Really any mixture of those things often with some guilt thrown in and maybe a little yelling if everyone's feeling exceptionally saucy that day.

Tuesday, July 13, 2010

First and Foremost

I'm hoping this will be the blog I keep up with. It's not really about anything aside from the trials of my life as an out lesbian. I'm young, in college, and not experimenting. I live in the smallest town in the shittiest midwestern state and being a proud dyke is not something people around here take very kindly to. But mostly it's just about how ridiculous my family is and how many ridiculous things I see on a daily basis.

Like today when I was on the interstate and saw a piglet crossing the road. This is not a joke. A piglet crossing the interstate. Welcome to my life.

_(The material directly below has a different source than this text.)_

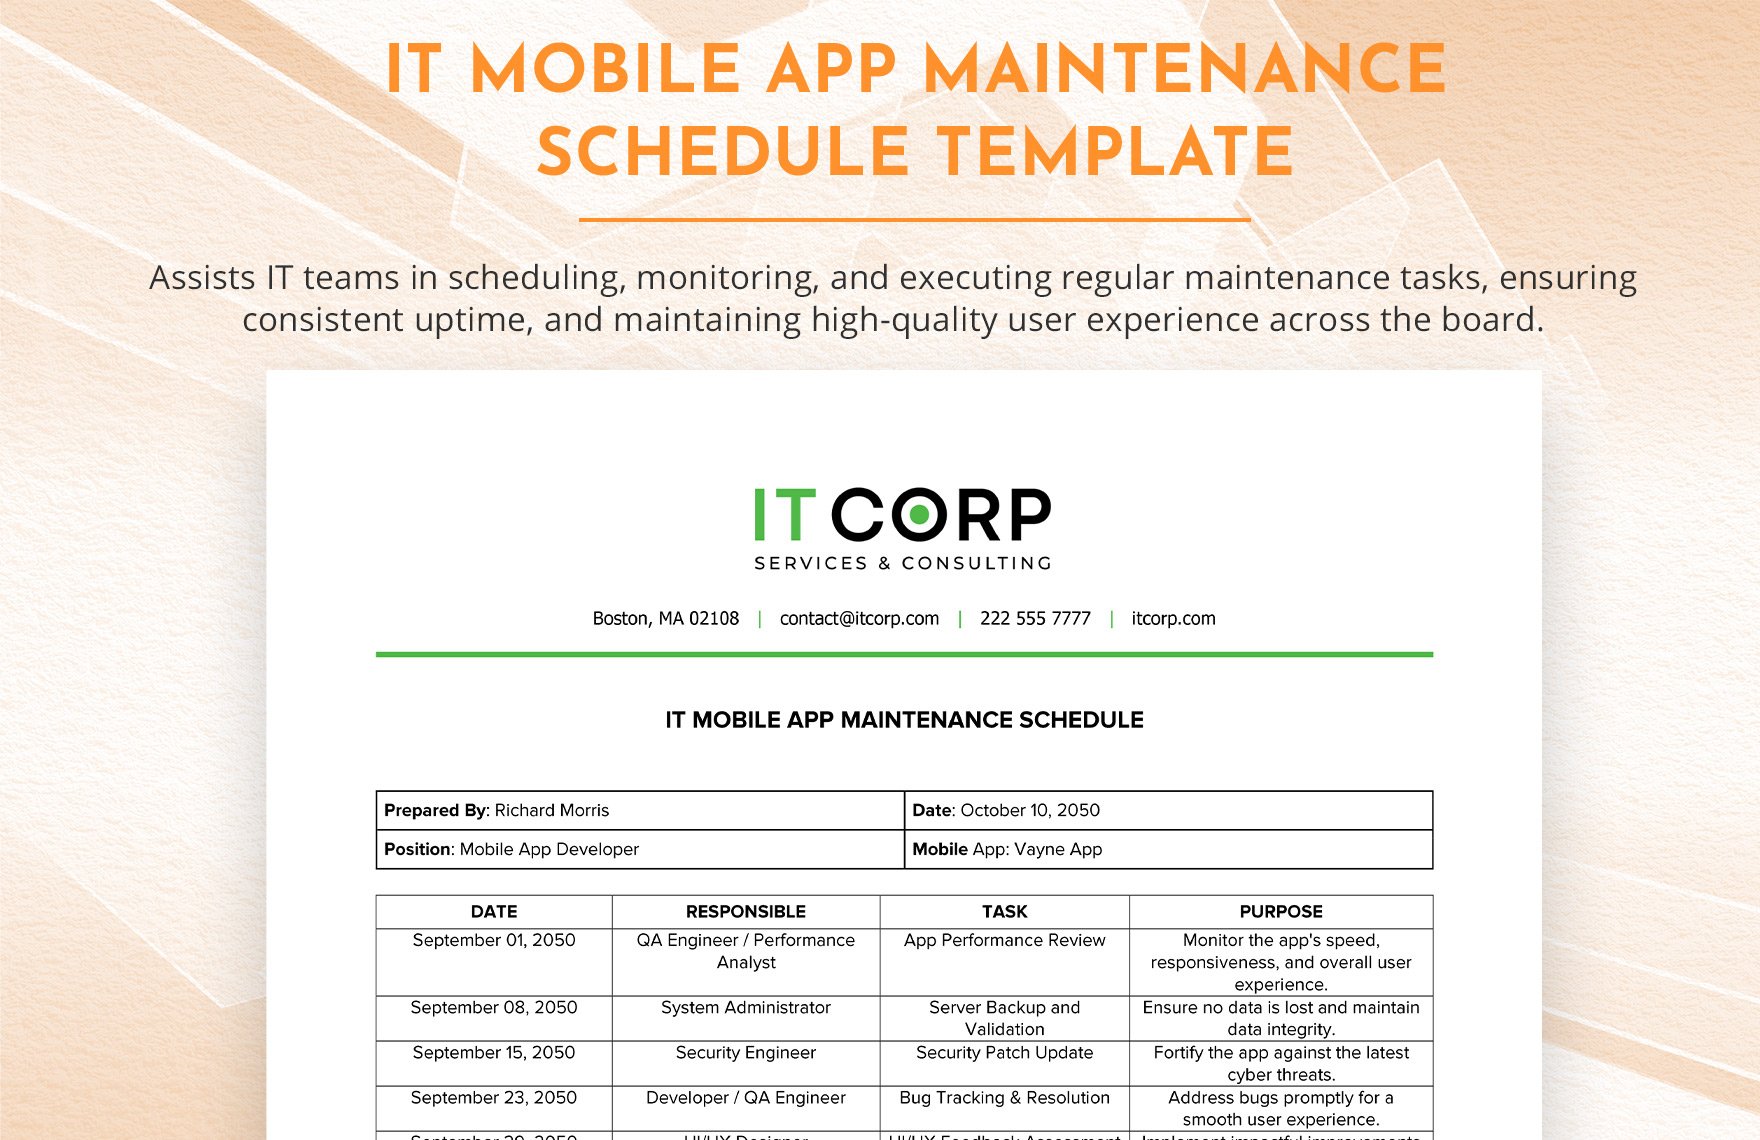 IT Mobile App Maintenance Schedule Template

I went to high school at a small school but a pretty liberal school. Most of the gay community at my school was out by 15 or 16 and while I was a vehement ally I was not out, or even aware of my sexual orientation, and wouldn't be until I had my first significant other/partner/girlfriend in college. Also, as a women's studies major (yes, I'm that kind of dyke) I am aware that 'girlfriend' is not particularly the proper vernacular but that's what I'm going to use from now on.

Anyway, today's post is about this theory I have about myself called "poor girl, rich girl." I have never dated someone of my own socioeconomic class (lower-middle) I have always dated people of a higher socioeconomic class than me, and for no reason whatsoever it's just what has always happened. I don't expect to be paid for, in fact, I hate it so it's not like I'm money hungry. So my theory is this -- as an intelligent lower-class person I am an asset to the more well to do for a couple of reasons; I am, as I said, intelligent (I'm by no means a genius) so it's easy for people to accept that fact that I am poor because I make up for it by being of a slightly higher intelligence than people 'expect' from my social class. I also have 'indie' interests meaning that I am willing to look into things people do not expect people from my social class to research or be interested in. Finally, I am no competition for things like money or nicest house or nicest car because I have none of those things!

I am aware that this may sound terrible, but if you only knew my exes you would agree with me. If you don't already.